A “Eletrobras privada” ainda teria controle de quase ¼ do mercado de oferta de geração de energia, se constituindo num oligopólio privado com significativo poder de interferência nas tarifas. Uma vez que a lei da privatização não impede cruzamento de capital, o mais provável é que entre os novos acionistas do leilão de venda de novas ações estejam grandes players do setor já estabelecidos no Brasil. A questão da maior eficiência da gestão privada no caso dos ativos de concessão da Eletrobras é também falaciosa. Sem desafios de gestão, os ativos velhos (brownfields) de geração e transmissão são recursos da sociedade brasileira há muito amortizados. Isto é muito diferente de investimentos em ativos novos do setor (greenfields), em que a gestão privada pode ser bem mais eficaz (maior flexibilidade sem interferências políticas).
Por fim, o quesito da qualidade.

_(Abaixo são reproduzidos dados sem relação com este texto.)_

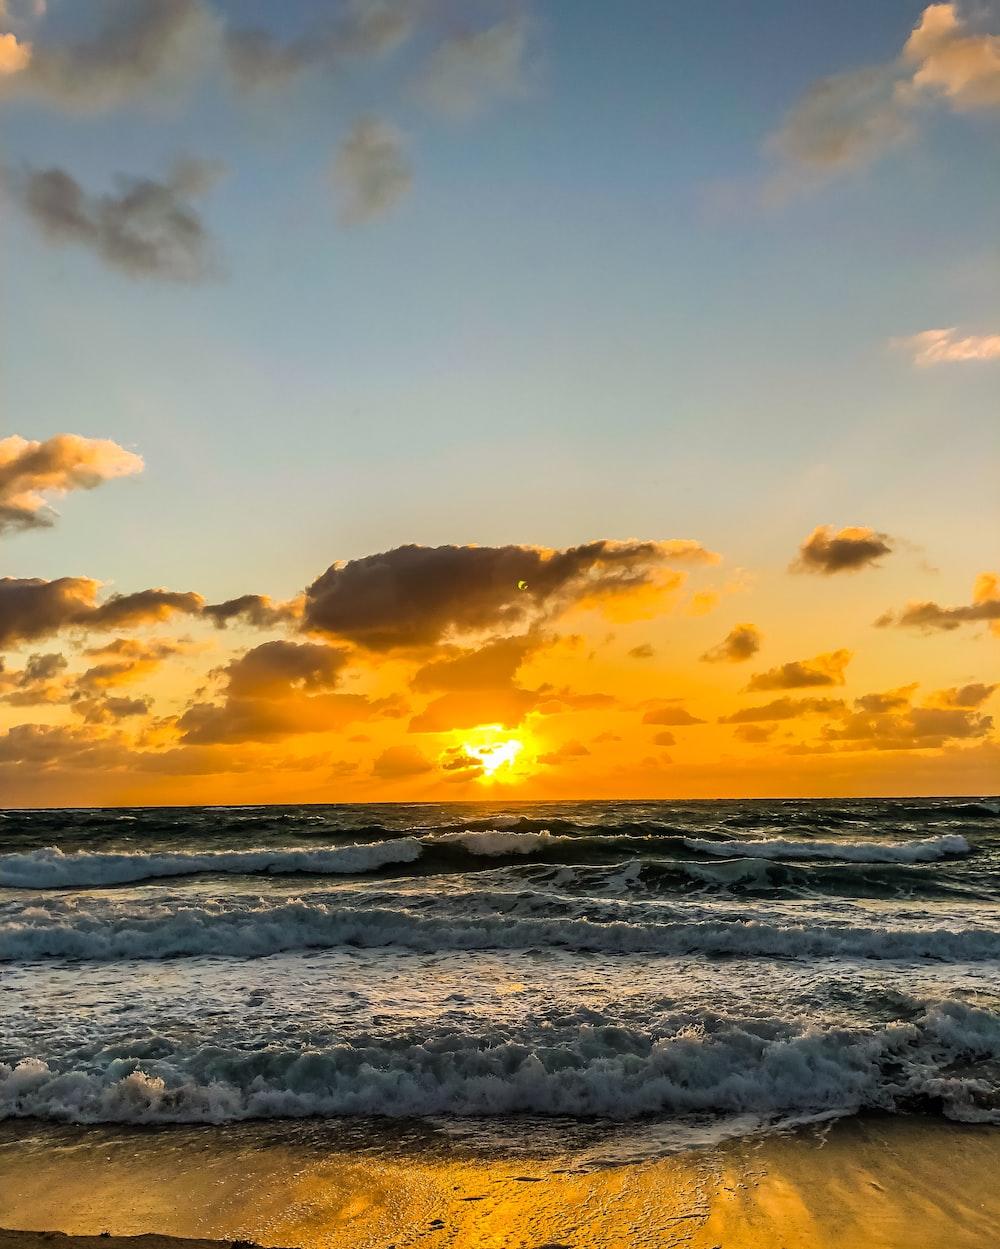 calm sea under orange and blue skies

Os “jabutis” presentes na Lei da privatização a tornam piora ainda. Os “jabutis” afetam indiretamente a qualidade pelo impacto ambiental, que se tornou uma questão crítica para o Planeta, e diretamente a modicidade, e por tabela, o acesso-universalidade. O impacto ambiental se dá, principalmente, pela obrigatoriedade de contratação do expressivo montante de 8 GW de térmicas a gás natural (equivalente a uma Tucuruí!) para energia nova de reserva, cujo despacho terá inflexibilidade de 70%, o que prejudica as fontes renováveis. O impacto estimado é de aumento de 33% das emissões de CO2 pelo setor elétrico do país, dificultando o cumprimento da NDC brasileira do Acordo de Paris.
O efeito sobre as tarifas de R$ 52 bilhões até 2036., segundo a EPE, equivale 80% do valor total da outorga. A não ser por justificativa ideológica, a privatização nos moldes propostos não se justifica tecnicamente e é lesiva aos interesses dos brasileiros. Um melhor modelo deveria ser voltado para redução das elevadas tarifas de energia elétrica do país. O Brasil poderia seguir o caminho dos países ricos também abundantes em recursos hídricos, como Estado Unidos, Canadá e Noruega, com reversão das usinas velhas para a União. A venda de aproximadamente 40% da energia elétrica gerada e 44% do transporte de energia (transmissão) a preço de custo teria impactos substantivos para os consumidores e contribuiria para um aumento da produtividade nacional. O futuro da Eletrobras sem ativos amortizados, poderia ser objeto de uma discussão na sociedade, sem mitos e açodamentos.
Mauro Borges Lemos é Professor-doutor em Economia (UFMG e UFBA), exerceu os cargos de Diretor-Presidente da Companhia Energética de Minas Gerais (CEMIG) e Ministro do Ministério do Desenvolvimento, Indústria e Comércio Exterior (MDIC).